A choice so hard to make I'm about to break.

May 30, 2007 17:45

I feel like I’m 7 again, screaming out to my mother to pay attention to me. Hoping that I would get the recognition that my older sibling got, crying for something, anything to hold on too, my fathers hand, my mother shirt…. But nothing never came…

I just go older and learned how to deal with it, I moved forward with a smile on my face. The hurt in my eyes never went unknown I guess, no one just never said anything. Lost in the field of needles that stung so deep that it made scars throughout my child hood.

Blood, and pain never really leaves the image in your mind, it leave mental image always. You learn when you get older that its just best to lock that door…..

But what do you do, when that door with those feeling are opened for another reason?

A reason we all call ‘love.’

My heart is swimming in this sea of emotions, drowning in the emotional fork in the road prison.

Hikari is one of my needles that keep hitting me deep, I just get this impression that she just thinks I’m just going threw this emotion torment, that I’m going to crawl back to her like I always do.

But not this time, I can’t, I can’t run into those arms of yours. Its something I’m use to but I have to break. I won’t take my anger my hurt out on anyone, my mother did that to me and I hated it, she didn’t beat me or anything, she just refused to get close to me because of her past… That’s another reason I have a problem with my emotions.

I’ve been threw things, but other people have been threw worst.

As most of you know I have a crush on Flame. *Stick up middle finger*

But, you know it doesn’t hurt as bad that he doesn’t return the feeling toward me, he’s explain things to me, I respect him for his devotion, I do. I’m glad he has a heart, a soul, that he’s not afraid to show.

My emotions somehow tied into this whole thing, It wasn’t my place to become angry at anyone at what happened between Toki and Flame and I apologize for that, it wasn’t my place to yell at Mitsu for what happened either, it wasn’t even my business.

I’m so sorry, I got angry for a reason but I shouldn’t have, I really shouldn’t have. Flames business is his own, and I had no right, along with Toki.

You two can do what you want, when you want. I’m no ones girlfriend or boyfriend, I’m just a friend.

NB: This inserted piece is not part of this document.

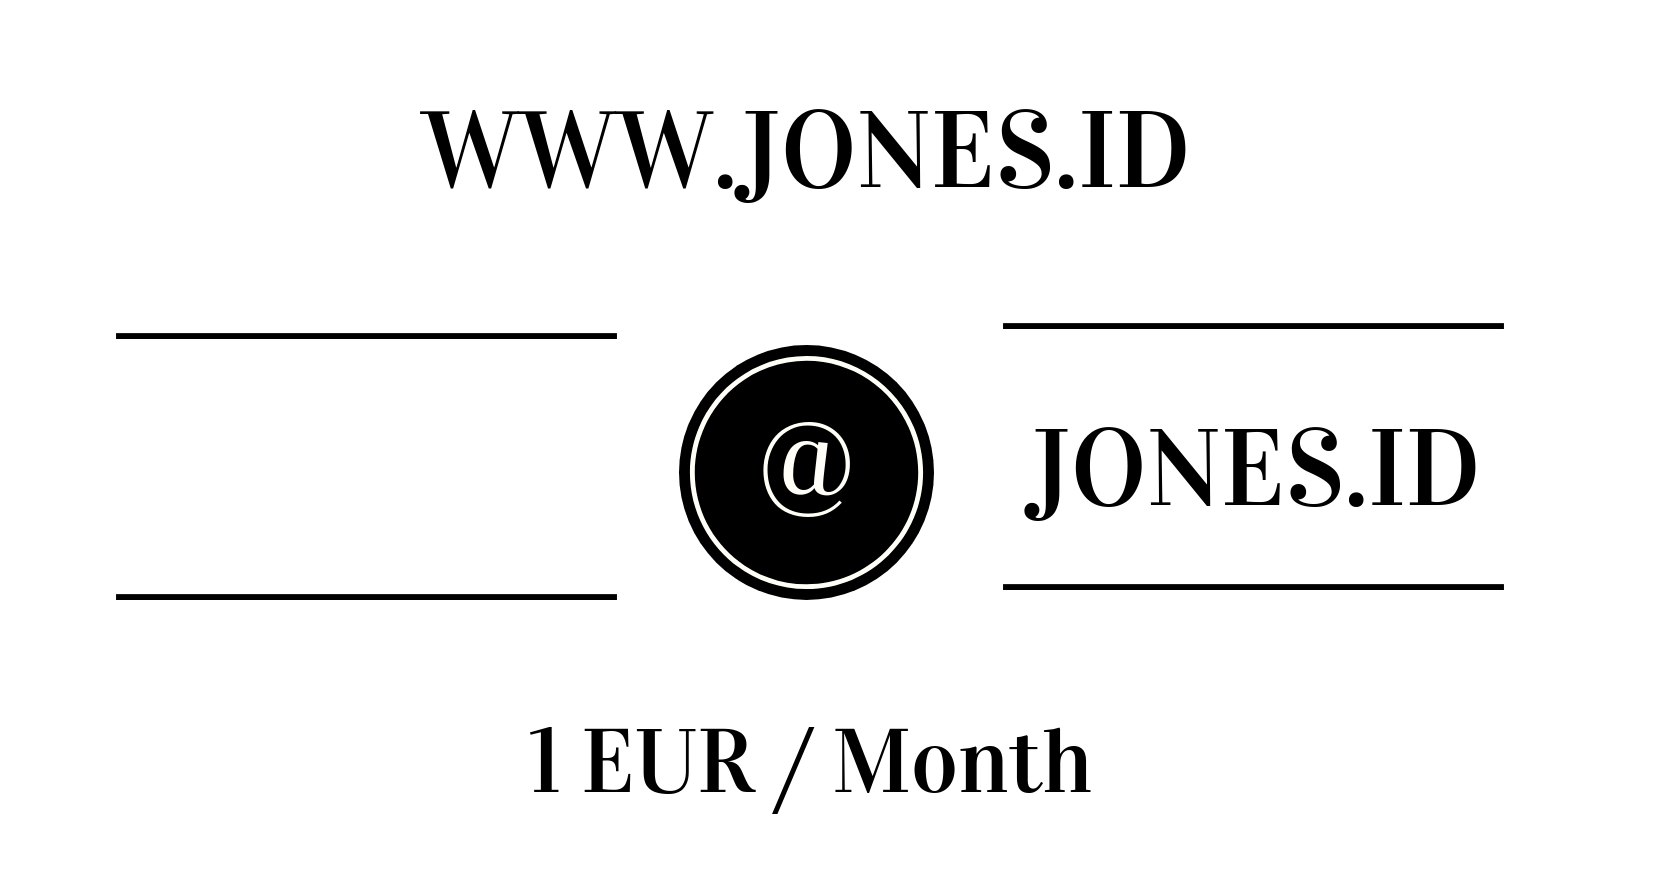 www.jones.id

This crush and my hurt will not consume the cold, dark heart of mine. I want to have a heart for when I find love in the future or, if I find it… I wanna feel happiness again, but I probably won’t.

If I don’t, I’ll spend the rest of my left making others happiness, I can get some happiness outta of that.

I’m just hurt so hurt, I don’t know what to do. I need comfort but I deny your hand, I don’t want to give people my emotions and then they leave me hanging on this thin line….

I was never one to make the same mistake three times. I messed up twice doing that to Hikari. I gave her everything twice, and I hurt myself more.

Don’t get me wrong, Hikari is a great person she just doesn’t know who to deal with her feeling, and attitude. She’ll learn I’m sure. I tired to teach her but, it didn’t work out, that’s something you have to learn for yourself.

Crying while writing this thing, is hard but I jus can’t stop it. They just keep coming, years of pain out of my own brown eyes.

Pain that’s all I feel.

Thank you all for reading. I appreciate it.